# Supplied material
┌────────
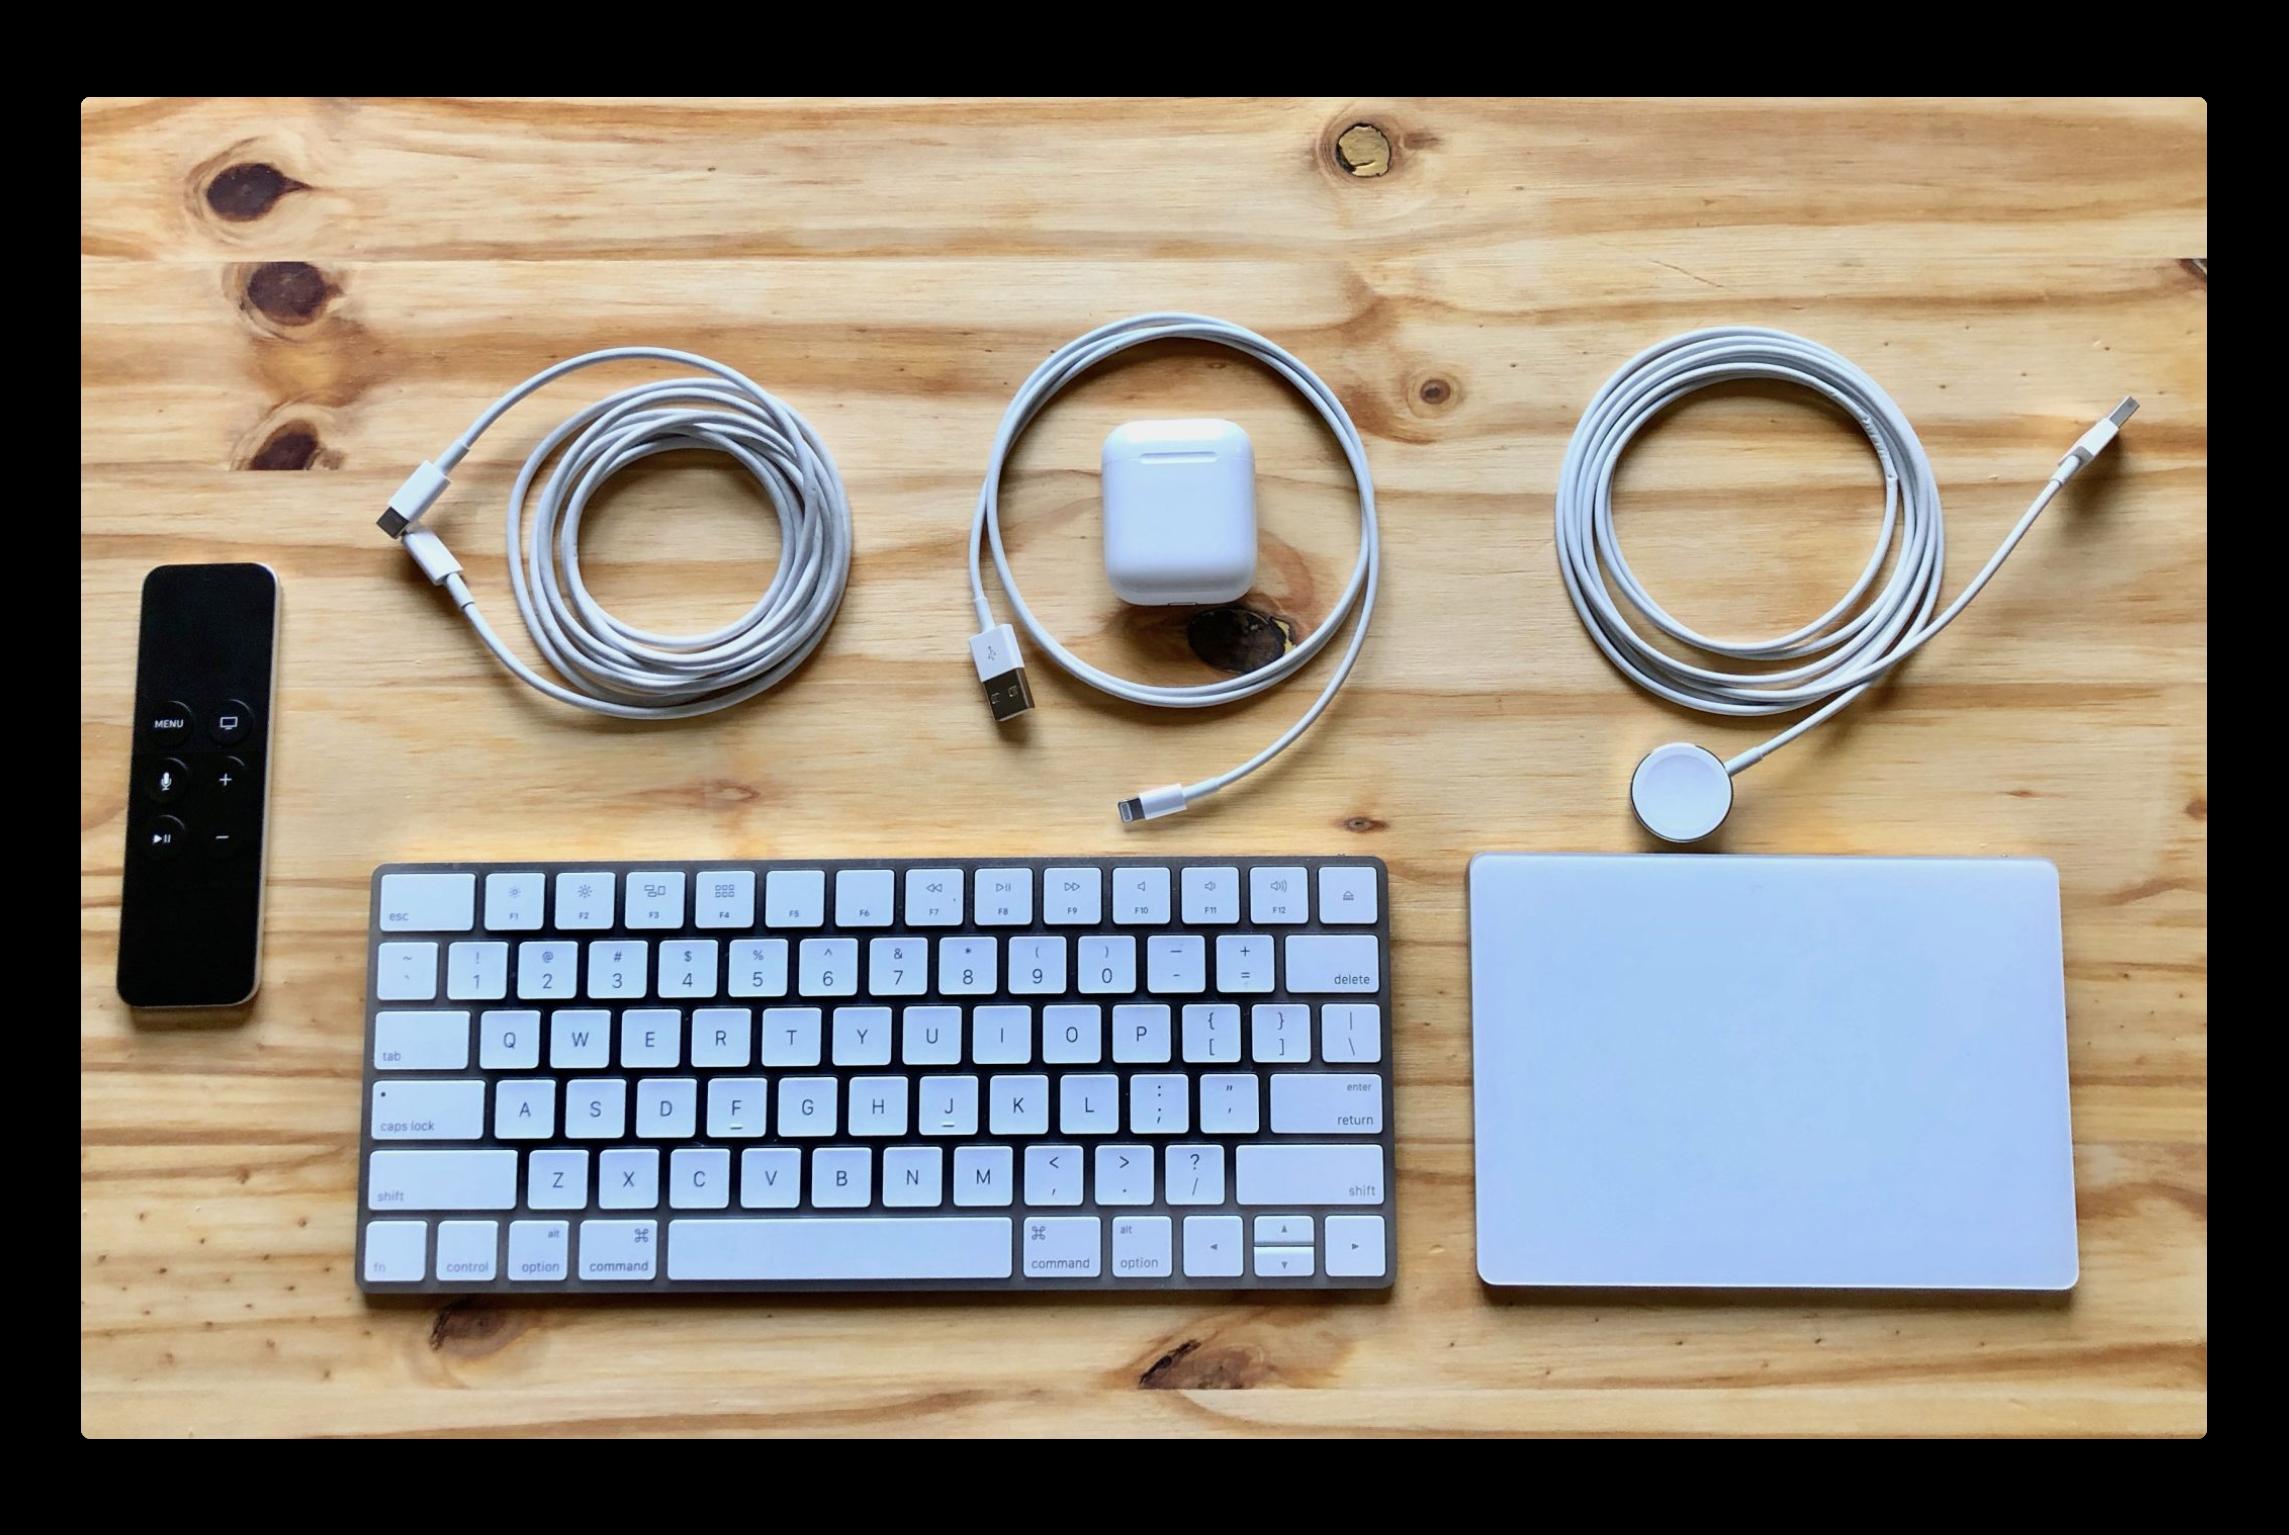 Appleのケーブル、キーボード、マウス、トラックパッドなどのクリーニング方法
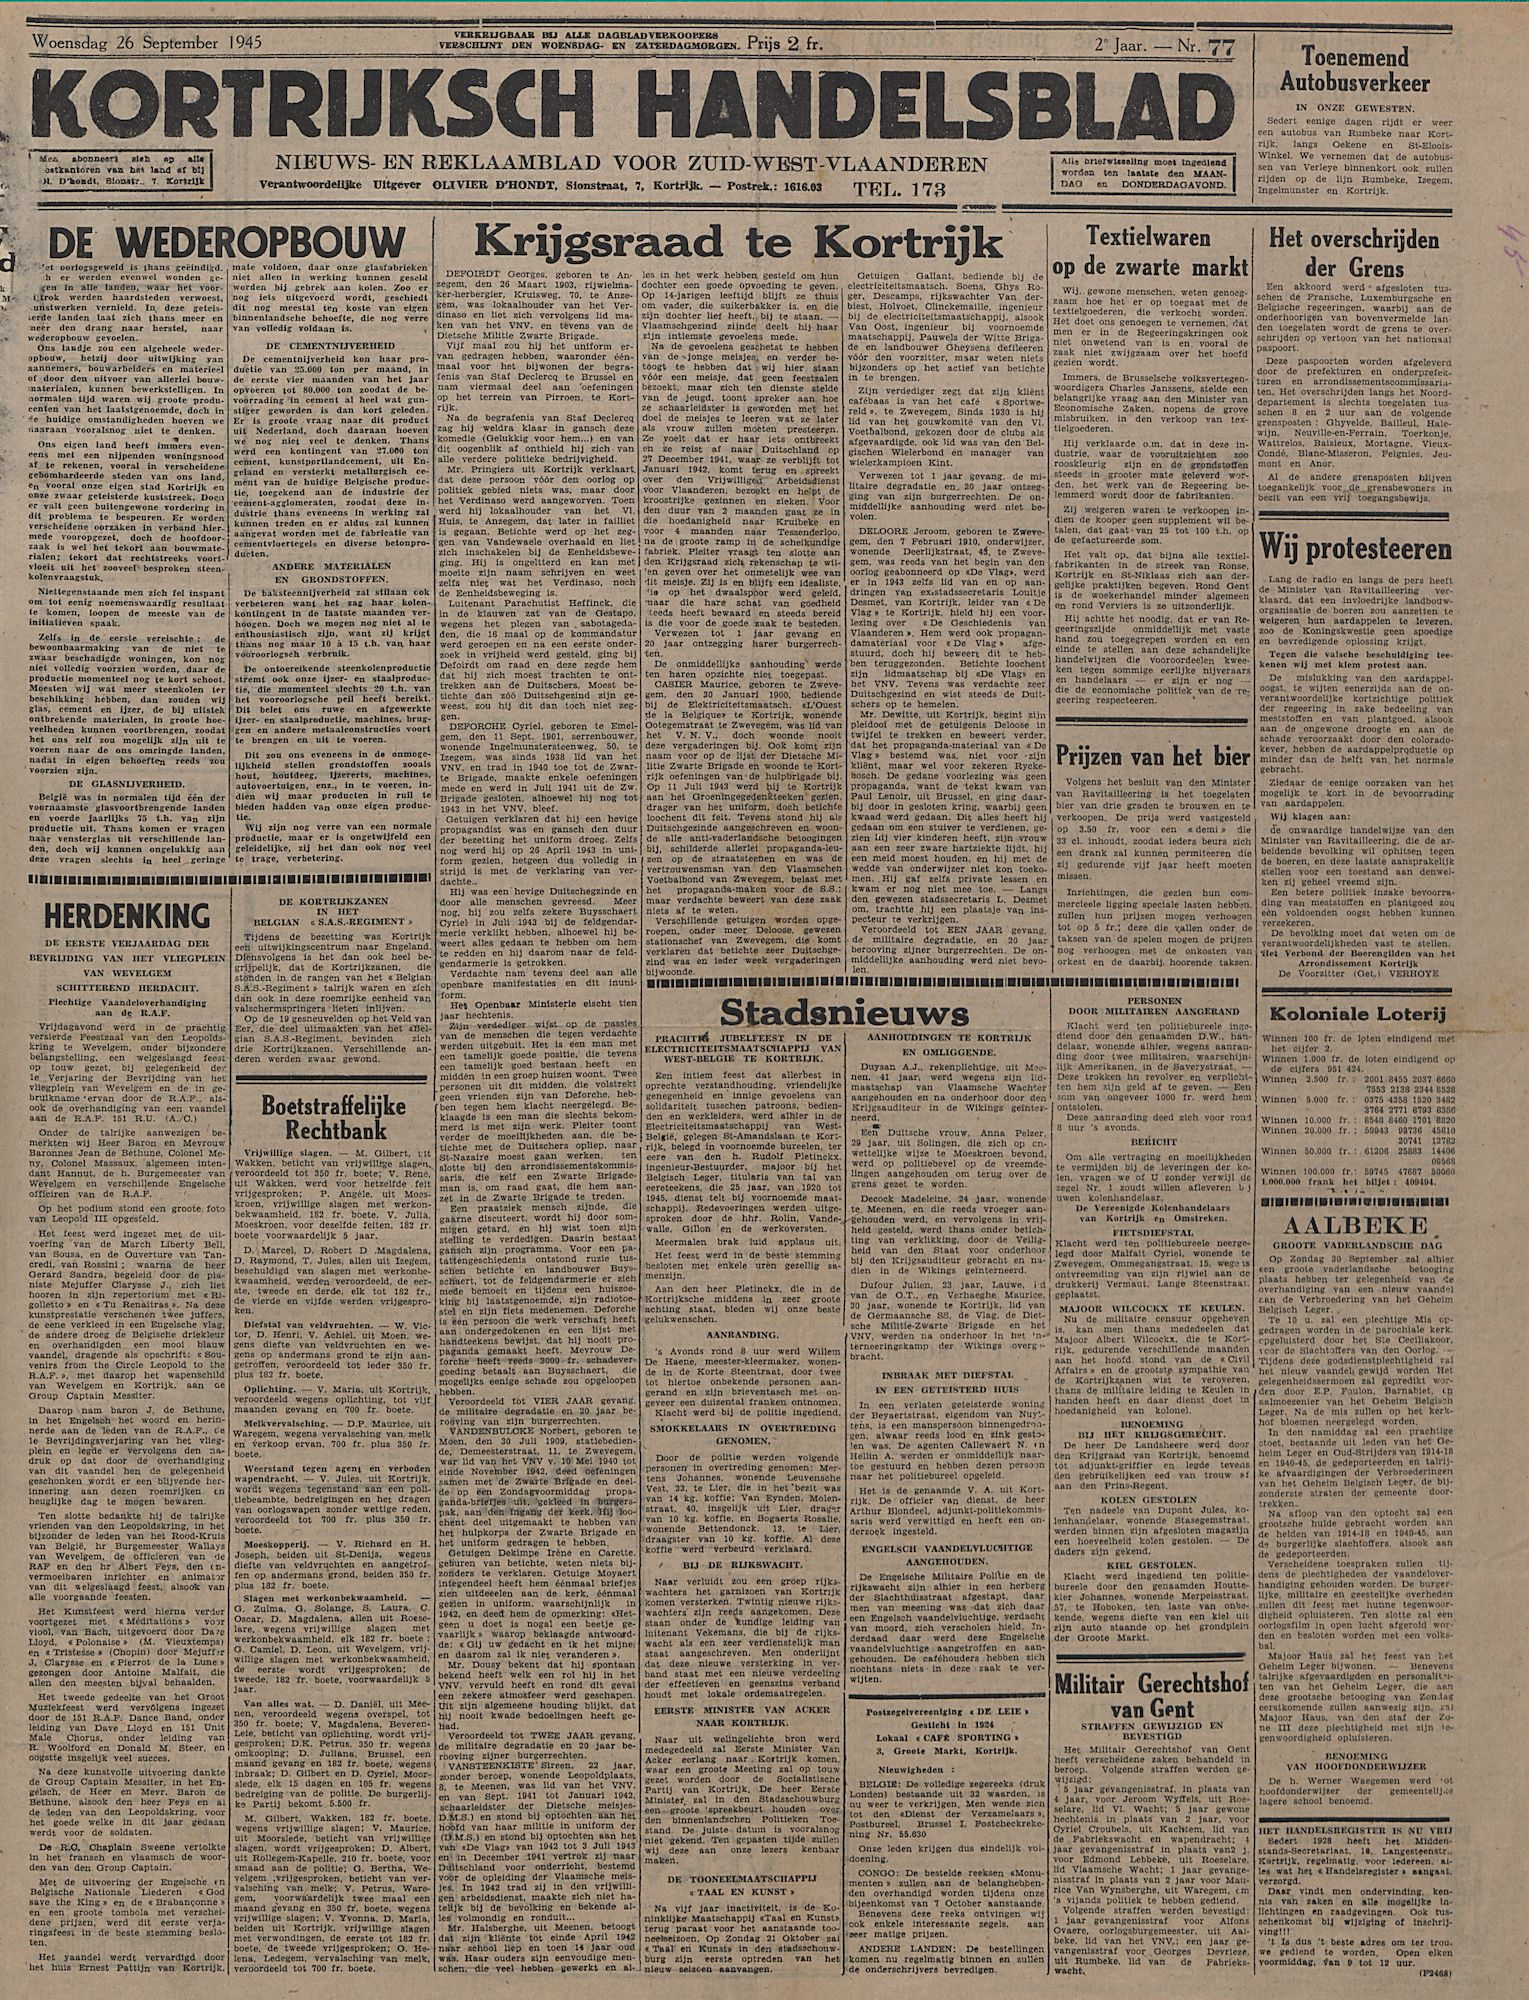 Kortrijksch Handelsblad 26 september 1945 Nr77 p1
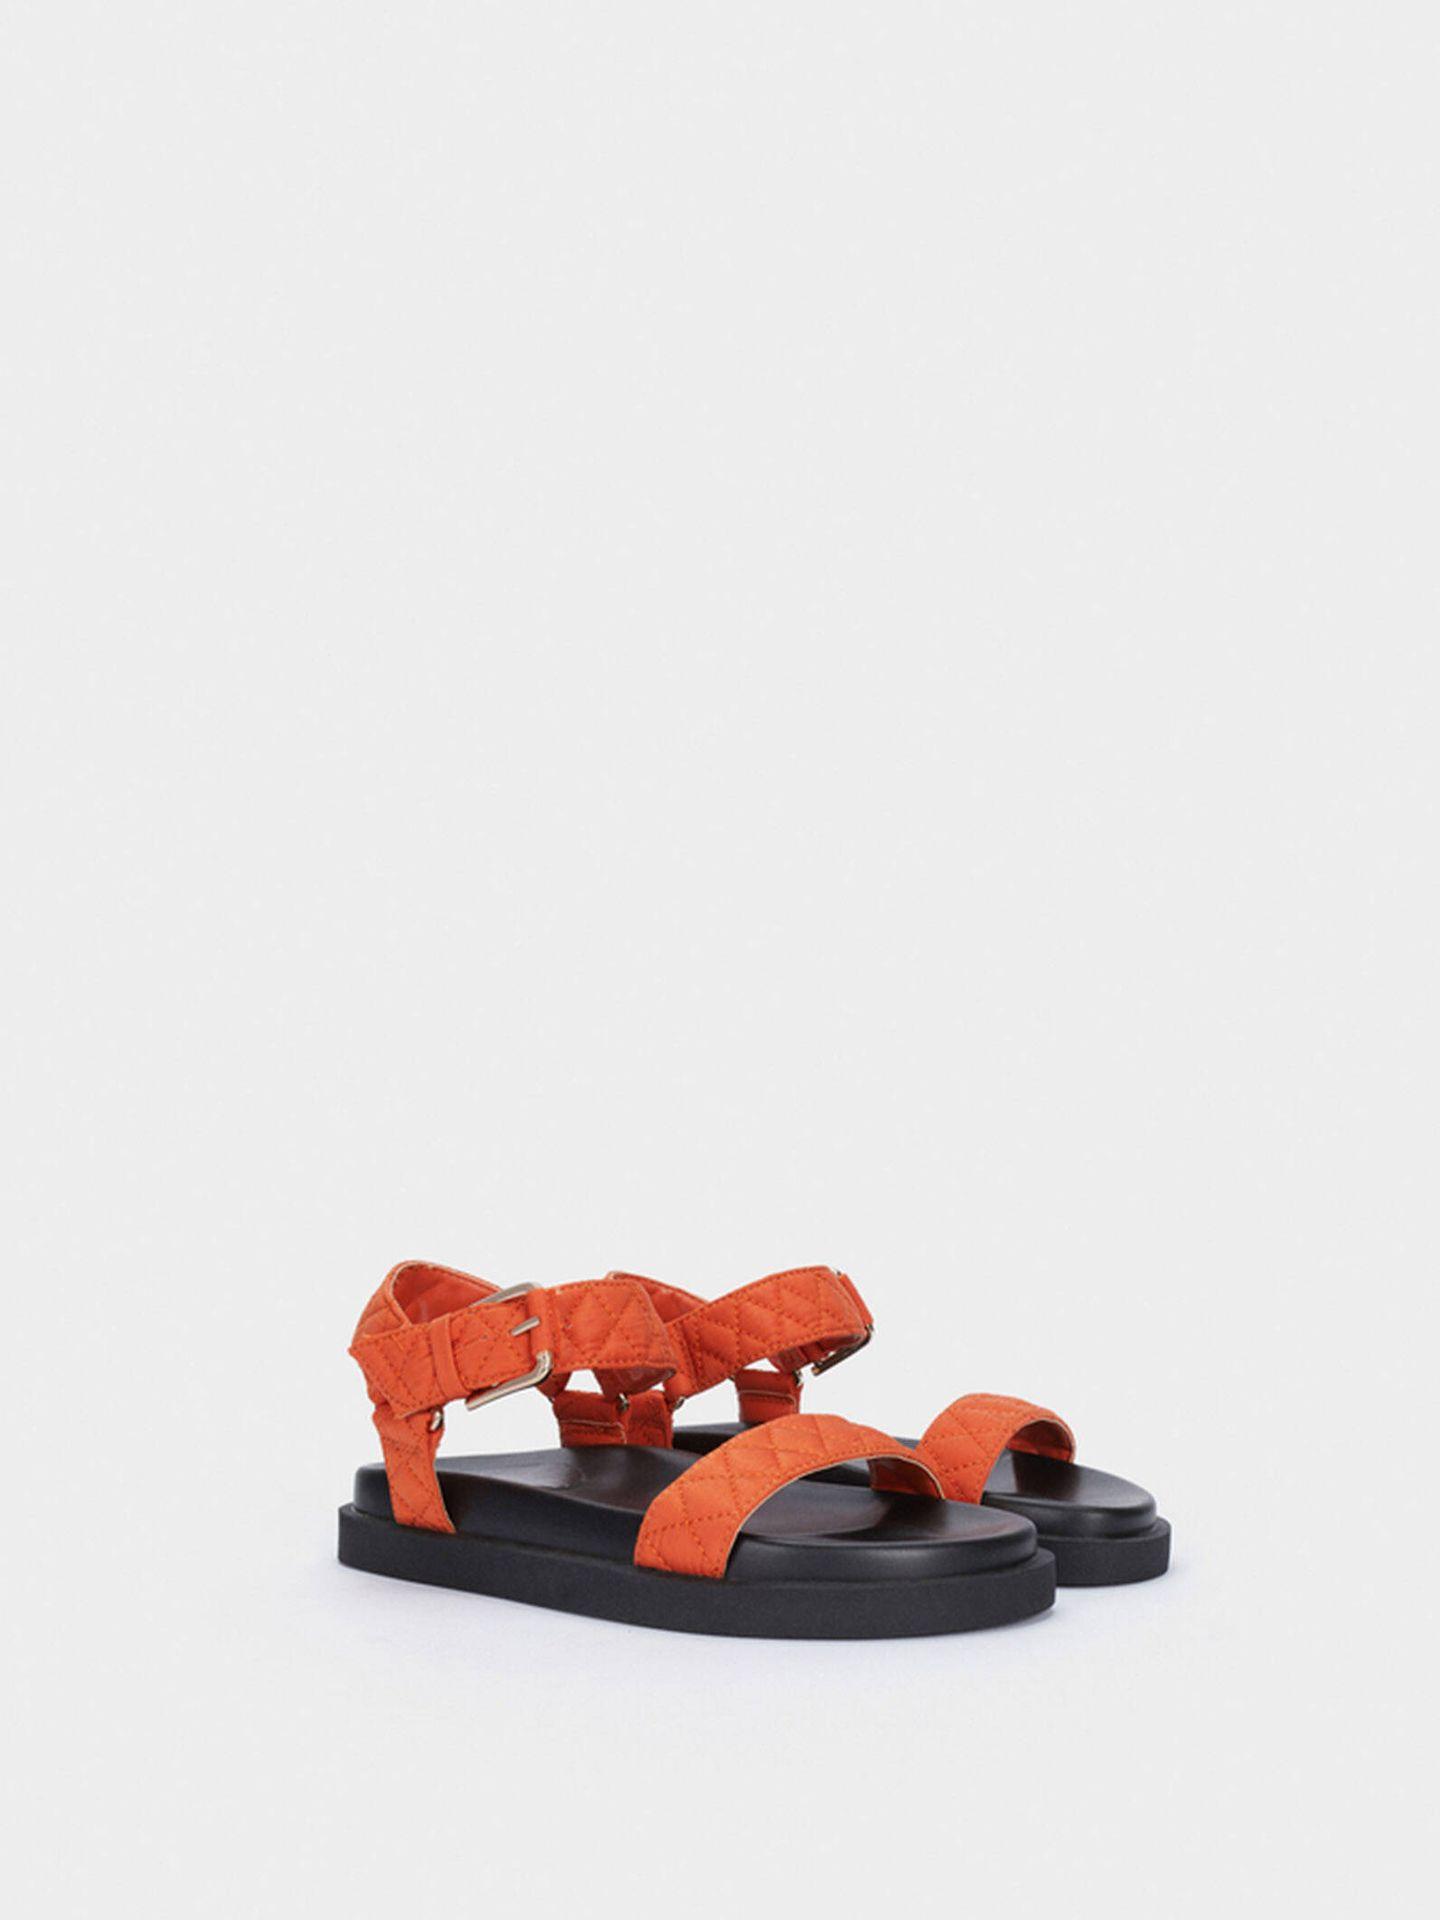 Sandalias bicolor y cómodas de Parfois. (Cortesía)
└────────
# Problem requirements
Transcribe the listing in full. Omit the pictures and keep every line exact.

# Worked solution
 Appleのケーブル、キーボード、マウス、トラックパッドなどのクリーニング方法
 Kortrijksch Handelsblad 26 september 1945 Nr77 p1
 Sandalias bicolor y cómodas de Parfois. (Cortesía)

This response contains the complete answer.